How like EB to use an assumed name, and especialy here at The Adlon, where he´ll be rubbing elbows with every shallow middle- class cliché you´d never want to meet, the exact type of people he exposes in his novels. How like EB, how perfectly ironic! Ha-ha-ha!

8:04. I had really hoped to catch EB before he left for the reading, but since nobody answers his door I can only assume that the department of litteratur heads have him hog-tied at Andrea´s Butcher Block, one of the upscale slaughterhouses this town calls a restaurent. I can see it now: The principle and his spaniels are shoveling forkfuls of red meat while poor EB just sits there, tuning out their petty conversation and gagging at the site of the food on his plate. I think its pretty obvious that the Litteratur Department knows nothing about EB. They just see him as another feather in their cap, a name they can use to attract new students. It makes me sick. They fly him in for a few days, race him around University like a greyhound, and then bore him to death with their talk of funding cutbacks and Who´s Who on campus. I´ve been standing outside this door for the last twenty minutes, so I think it´s also very obvious that they´re herding EB straight from the restaurent to the Pavilion of Thought at Humboldt.

At first I was exited about tonight´s reading, but now I say forget it - if EB has been rusched around by these university types all day, then I know he´ll be too exhausted to express himself. I had a feeling this might happen, so I arranged for a few people to tape tonight´s reading at the Pavillion. Siri, if left to her own devices, can tend to get a little too artsy for her own good, so I got Walter as a backup. Deep down in his middleclass heart, Walter would just love to wear a jumsuit and boss people around. While I really hate his politics, I trust his overall skill much more than I trust Siri´s. She taped last years Auster lecture and keept the camera aimed at his feet the entire time, and he wasn´t dancing or anything!

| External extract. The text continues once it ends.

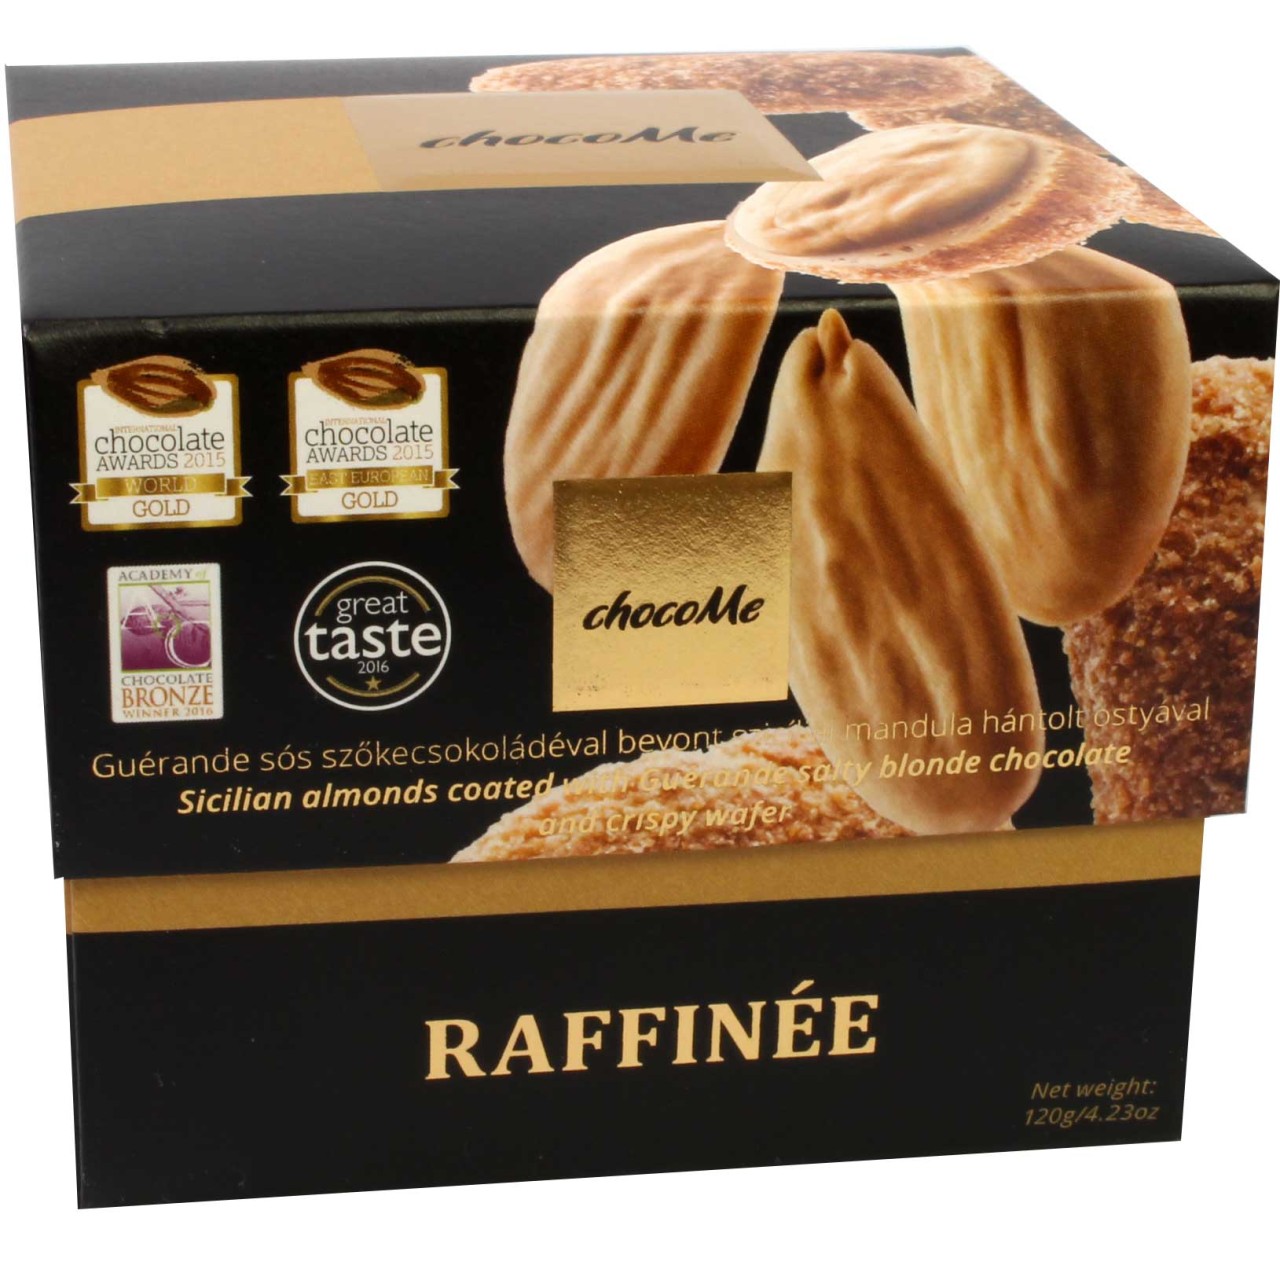 chocoMe Raffinée - Sizilianische Mandeln mit Guérande Salz verfeinerte blonde Schokolade überzogen 1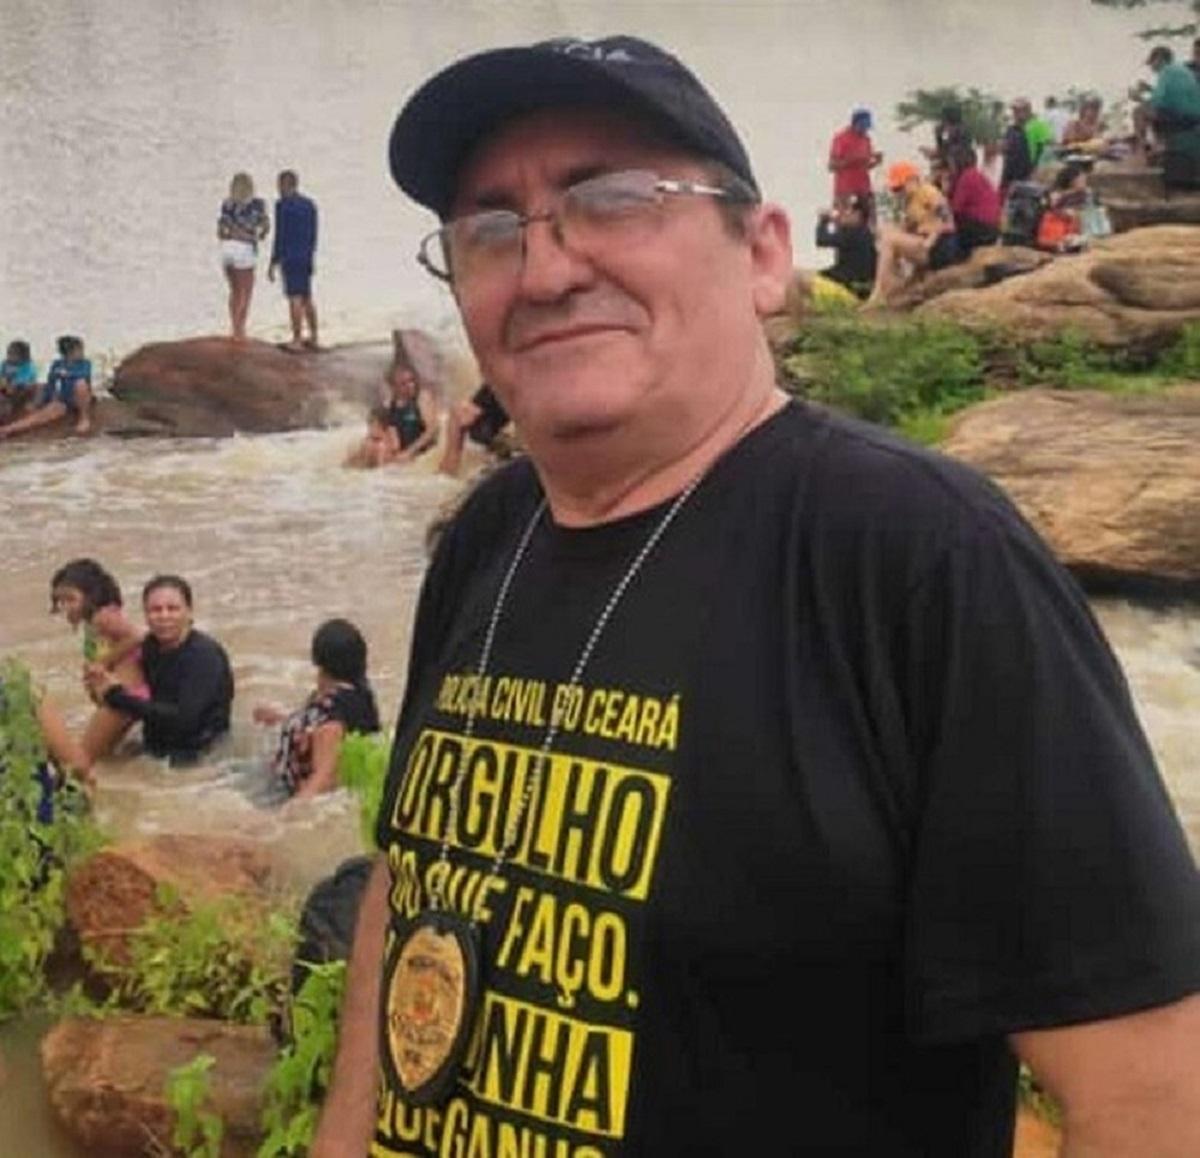 Escrivão morto com tiro na nuca em Tauá, no Ceará

Another reason for boycotting tonight´s lecture is that I don´t think I can sit back and watch while EB wastes his time reading to an audience of a thoudsand kids who can´t even begin to understand his work. The students began lining up outside the Pavillion hours ago. They´re holding EB´s book in one hand and some bullshit ecomomic text in the other, economics or political science or whatever it is they´re really interested in. Most of them had never even heard of EB before Stinging Ray, but they act as if they have been reading EB for ever. I want to confront them. I want to ask them where they were when EB was physically attacked after the release of Magnetic Fields. Where were they when EB needed support after the media trashed Bee Bee ? These kids all act like they understand EB and it makes me sick to hear their lame opinions on his work. This afternoon I overheard a girl telling her boyfriend that EB´s work mirrored the opression inherent in Western capitalist society. She read that off the dust jacket. She doesn´t know shit about EB. She was wearing clothes that EB would really hate. Here at University I am surrounded by jokes like her.

My head is still spinning from the reading EB gave in my master´s writing seminar this afternoon. I´d looked forward to some one-on-one contact, but the room was packed with people who aren´t even enrolled in the seminar. These kids weren´t writers, they were faked. But did the teacher ask them to leave ? Did Professor Nobody tell them that this was a class for serious writers ? Of course not. He makes his cowardice with this "We´re all here to learn" cheeriness that really makes me sick. It was perfect then when EB walked into the classroom. He saw all the copies of Milchmann on our desks and he picked up my copy and said, "Who´s making you read this shit ?". It was so perfect. Professor Nobody just stood there pretending he hadn´t heard EB´s remark. He just stood there and tucked in his shirt. He couldn´t even own up to it! I think EB hates Milchmann for the same reasons I do, because she´s a facist, a typical bourgeois racist, a judgemental Christian right-wing parrot, and a timid writer who relies on grammer to carry her through the page. I hate Milchmann, I really do!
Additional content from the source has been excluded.